El único objeto completamente inmóvil que había en el cuarto era un enorme sofá en el que dos jóvenes estaban encaramadas como si se tratara de un globo cautivo. Ambas iban de blanco, y sus vestidos se agitaban y flameaban como si la brisa acabara de devolverlas al punto de partida después de un breve vuelo en torno a la casa. Debí permanecer inmóvil unos momentos escuchando el restallar de los visillos y el chirrido de un cuadro contra la pared. Luego se oyó el ruido violento de las ventanas traseras al cerrarlas Tom Buchanan, con lo que el viento aprisionado perdió su fuerza, y los visillos y los tapices y las dos muchachas descendieron lentamente hasta el suelo.” (pág. 19 y 21).
Creo que todos sospechamos que en los párrafos anteriores se describe el paraíso. Por lo menos, una situación de bienestar que permite el ocio y se apropia de la belleza. Nada en estas líneas habla de tensión, necesidad o dolor. En realidad, es un lugar idealizado, pero ¡cuidado!: es Nick Carraway quien lo ve, son sus ojos deslumbrados los que ponen palabras a ese espacio de ensueño ya que él no pertenece a ese mundo; lo contempla con admiración, no con familiaridad.

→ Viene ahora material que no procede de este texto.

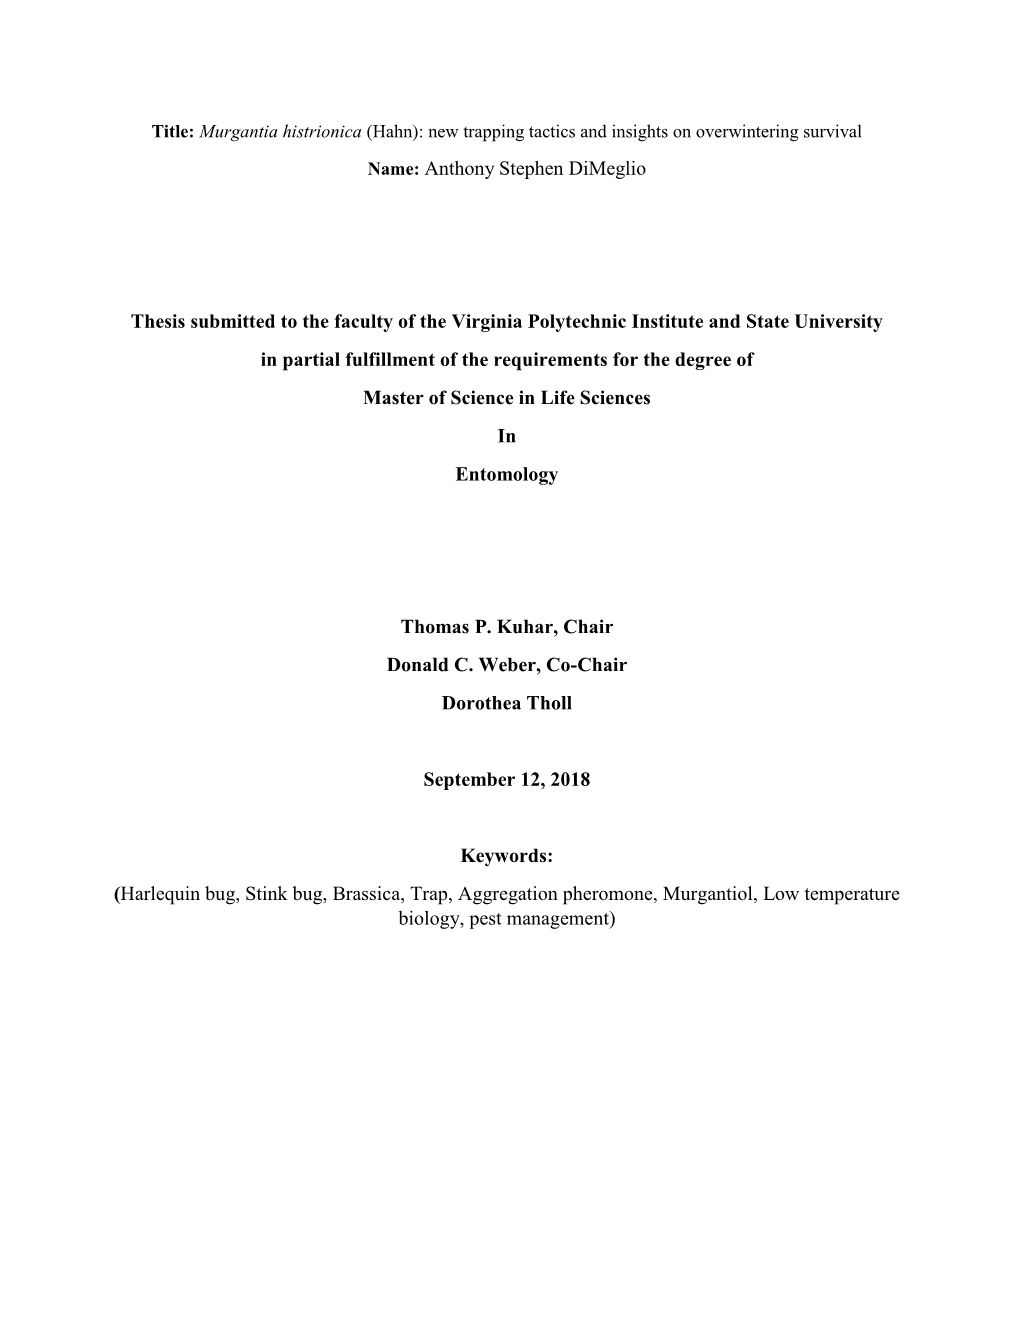 Anthony Stephen Dimeglio Thesis Submitted to The

Quizá por eso lo percibe con mucho detalle, hay un brillo nefasto que lo ciega y el narrador experimenta cierta codicia disfrazada de amistad. En esta línea comprenderá a Gatsby quien sacrificó su vida para ser parte de todo esto, si no se nace ahí, y eso no depende de uno, ¿podría ser posible comprar con dinero eso que se anhela?

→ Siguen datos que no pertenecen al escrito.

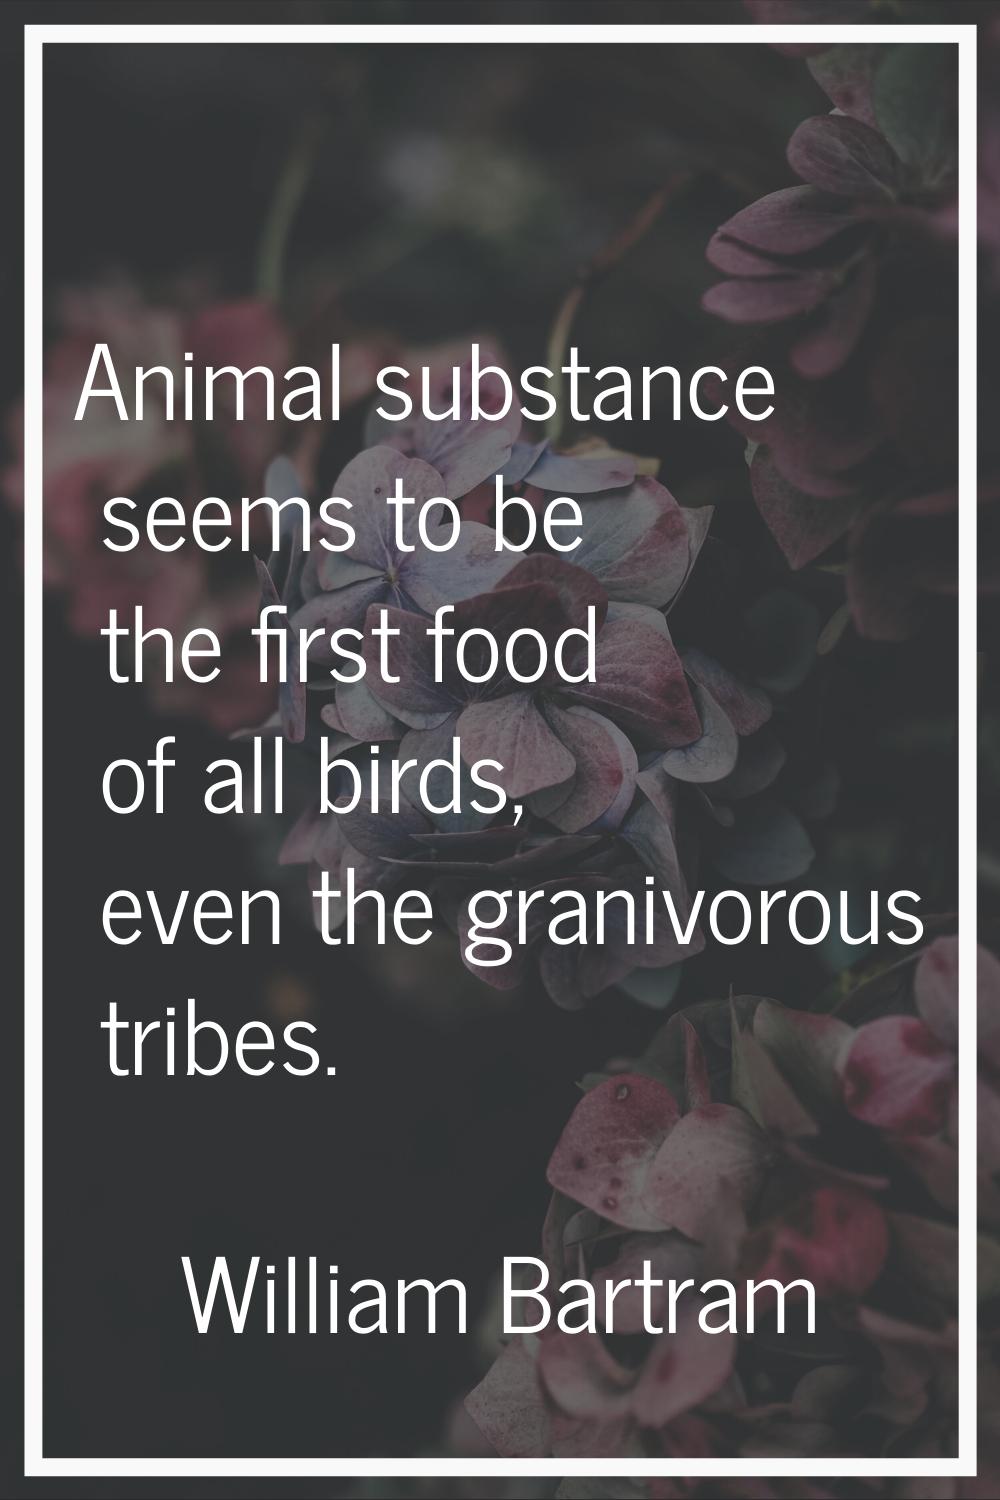 Animal substance seems to be the first food of all birds, even the granivorous tribes.

Pero existe el otro lado de la moneda, un lado que produce rechazo.; un espacio en donde no hay nada que sea atractivo, más parece un lugar cercano al infierno:
“Hacia mitad de camino entre West Egg y Nueva York la carretera se acerca de repente a la línea del ferrocarril y corre a su lado por espacio de unos cuatrocientos metros, para evitar así cierta desolada extensión de tierra. Se trata de un valle de cenizas, de una granja fantástica donde las cenizas, como si fueran trigo, crecen formando crestas y colinas y jardines grotescos; donde las cenizas adoptan la forma de casas y de chimeneas y del humo que sale por ellas y, finalmente, mediante un esfuerzo trascendental, también de hombres que se mueven confusamente, para desmoronarse al instante en el aire polvoriento. De vez en cuando una fila de grises vagonetas se arrastra por una vía invisible, deja escapar unos crujidos lúgubres y se detiene: inmediatamente los hombres de color gris ceniza salen en todas direcciones con pesadas palas y levantan una nube impenetrable que oculta a nuestra vista sus oscuras operaciones.” (pág. 37).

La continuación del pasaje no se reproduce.